How do you explain it away? That he was just thinking out loud what other people would take away from the last few minutes of the interview? Other people would think “I killed them all of course.”
I was a little irritated and bored with the “will he or won’t he” that happened for about 3/4 of the interview but wow, what a payoff. Chilling and surreal…
I watched the whole thing and saw a recently produced one hour show a few weeks before it on Vanity Fair Confidential. FWIW, VFC is on the Investigative Discovery channel (ID) and is new. It is probably the best produced of the genre and does stories that have appeared over the years in Vanity Fair magazine.
Anyway the HBO six parter was very good and obviously covered more ground than the 43 minutes or so on VFC. However there was one key thing that wasn’t brought up by HBO. According to VFC the neighbor in Galveston had connections to the Durst family back east and the theory is that he knew too much. Perhaps the evidence for that was to weak for HBO.
Another interesting dif was that VFC didn’t mention his current wife at all…the one he marrried and threw money at to gain spousal immunity. Perhaps VFC couldn’t pay her enough to gain her cooperation.
First, I’ve no doubt that Durst murdered three people.
That being said, I am curious about the production timeline as presented in The Jinx. For example, The New York Times reports that the filmmakers didn’t notice Durst’s audio in the bathroom until two years after that interview took place.
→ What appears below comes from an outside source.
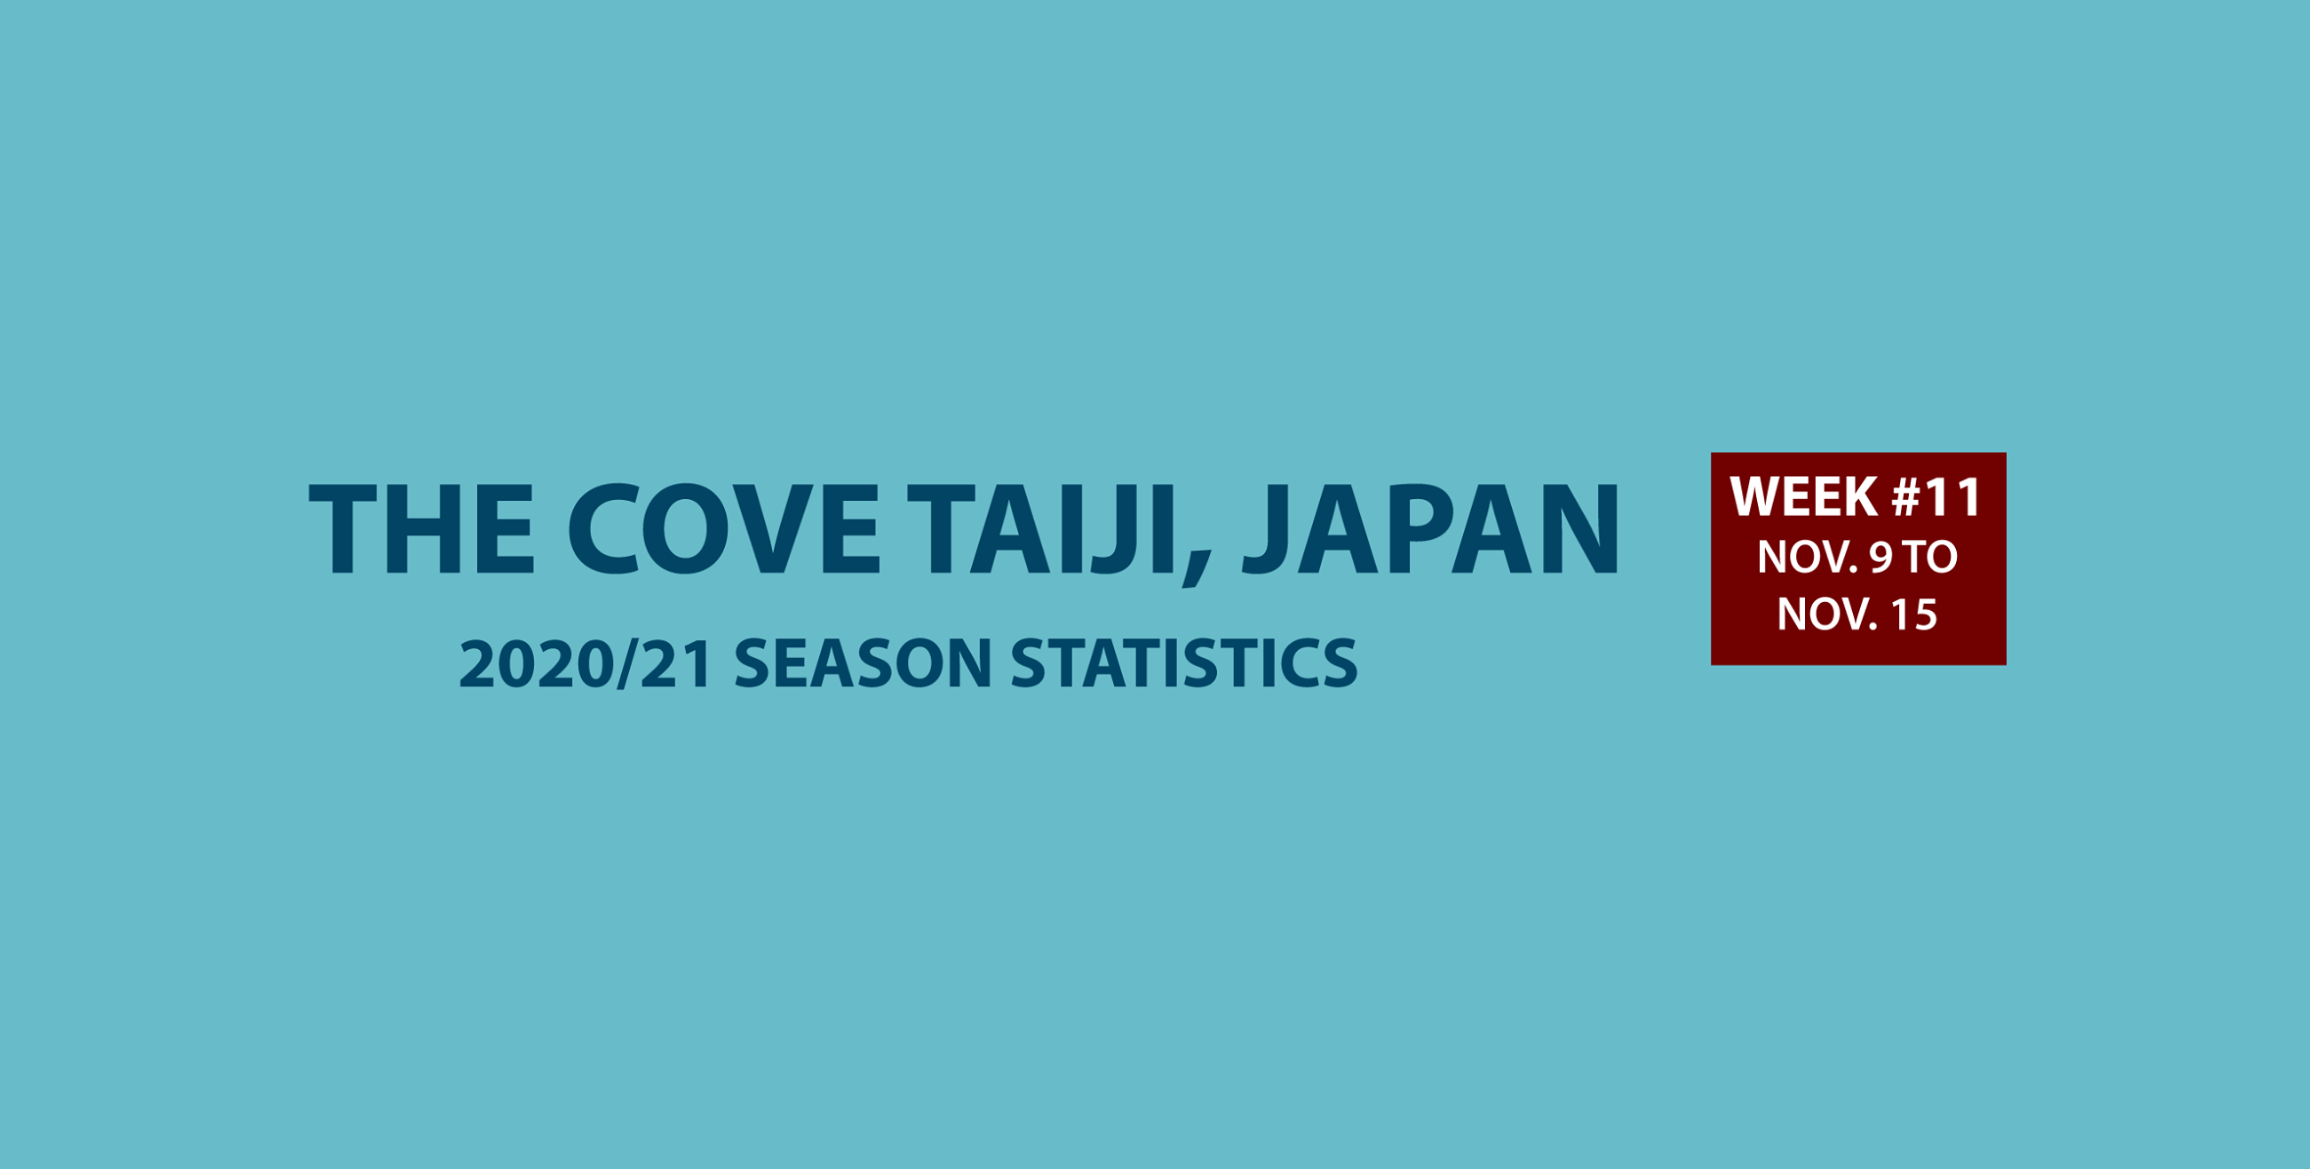 Chasse au dauphin à Taïji (Japon) – Bilan semaine du 09 au 15 novembre 2020 #11

This after a (presumably) earlier instance in which Durst “rehearsed” during a break an answer he was planning to give to Jarecki, not knowing that his mic was hot.
An unrelated comment. I’m a little surprised the LAPD didn’t find that March, 1999 envelope, which bears the incriminating handwriting, so similar to that which appeared on the “cadaver note,” while it was investigating Susan Berman’s murder in December, 2000. Or, if they found it, they didn’t find it compelling. I’ve read that a handwriting analysis was performed in 2003; I suppose the “cadaver note” was compared with then-known samples of Durst’s handwriting (not the March, 1999 envelope, which investigators at the time seem to have been unaware of), but that the results were inconclusive. Did detectives miss this box of papers that ended up in Susan Berman’s stepson’s possession? Or did they see the box’s contents during their investigation but skipped over the March, 1999 letter? I think establishing the provenance of the letter (who discovered it and when? who had it and when?) will be important to Durst’s case.
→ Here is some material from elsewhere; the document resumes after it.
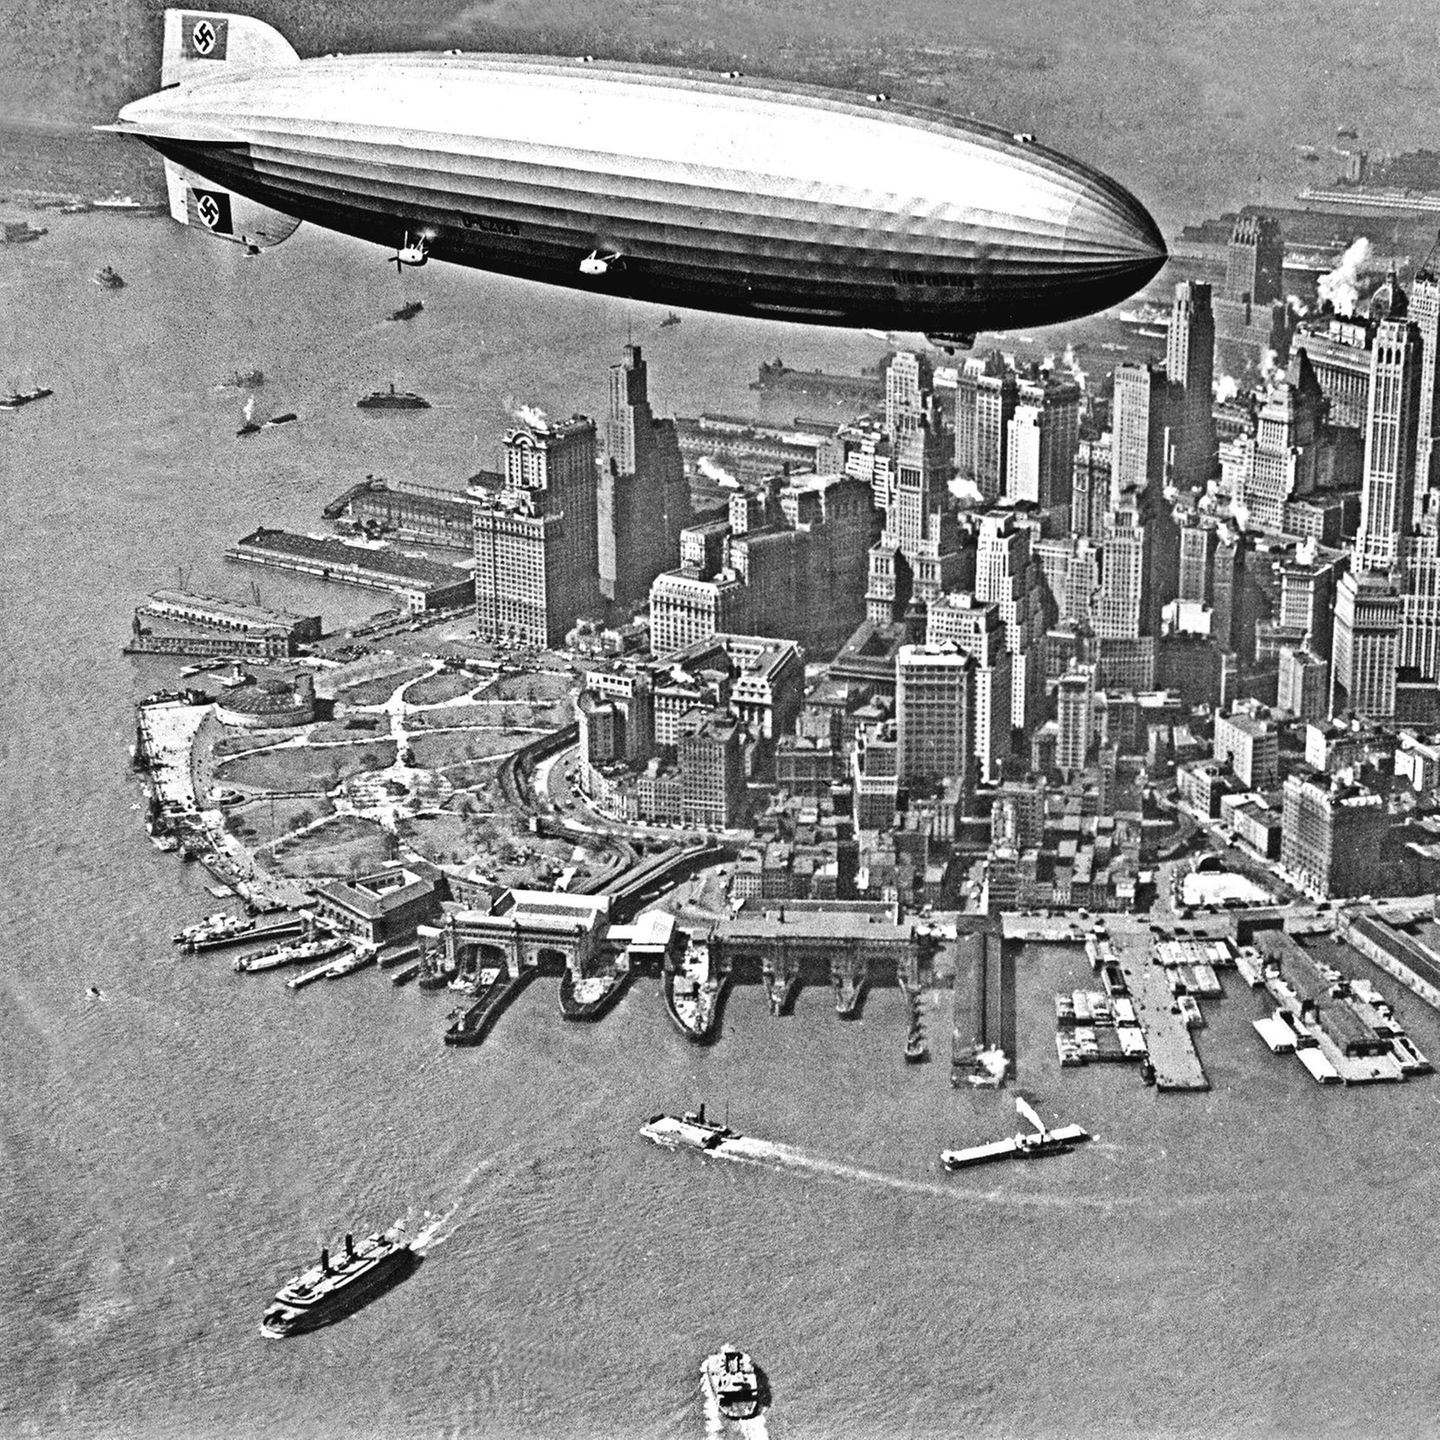 Der Zeppelin "Hindenburg" fliegt über Manhatten, NYC

Finally, that audio from the bathroom was chilling, as was Durst’s earlier uncontainable, visceral reaction to Jarecki’s questioning about the handwriting (the strange burping, which Durst even mentioned to himself), but I suspect an exceptionally adroit and well-paid defense team can spin the phrases Durst muttered off-camera as somewhat less damning than they appear on first hearing.
He’s not convicted yet. There was no real hint of it in this documentary, but you have to wonder how much money has been passed under how many tables to keep Durst out of prison.
This isn’t over until a jury comes in with a verdict.
I think that he’s done for but I can see how a defense would go. Somehow exclude the documentary footage. Chain of custody issues on the envelope. If they allow the bathroom audio say that he meant, “now people will think that I killed them all.”
The LAPD really fucked the dog on this one. It’s unbelievable that they didn’t go through that box of possessions and that they didn’t compare the Cadaver Note writing to other examples like the rental agreement that the documentations found.
Dumbfuck Durst could have lived free and easy if he never agreed to be interviewed. What possible good could have come from him doing that? I had never heard of the guy prior to the HBO film.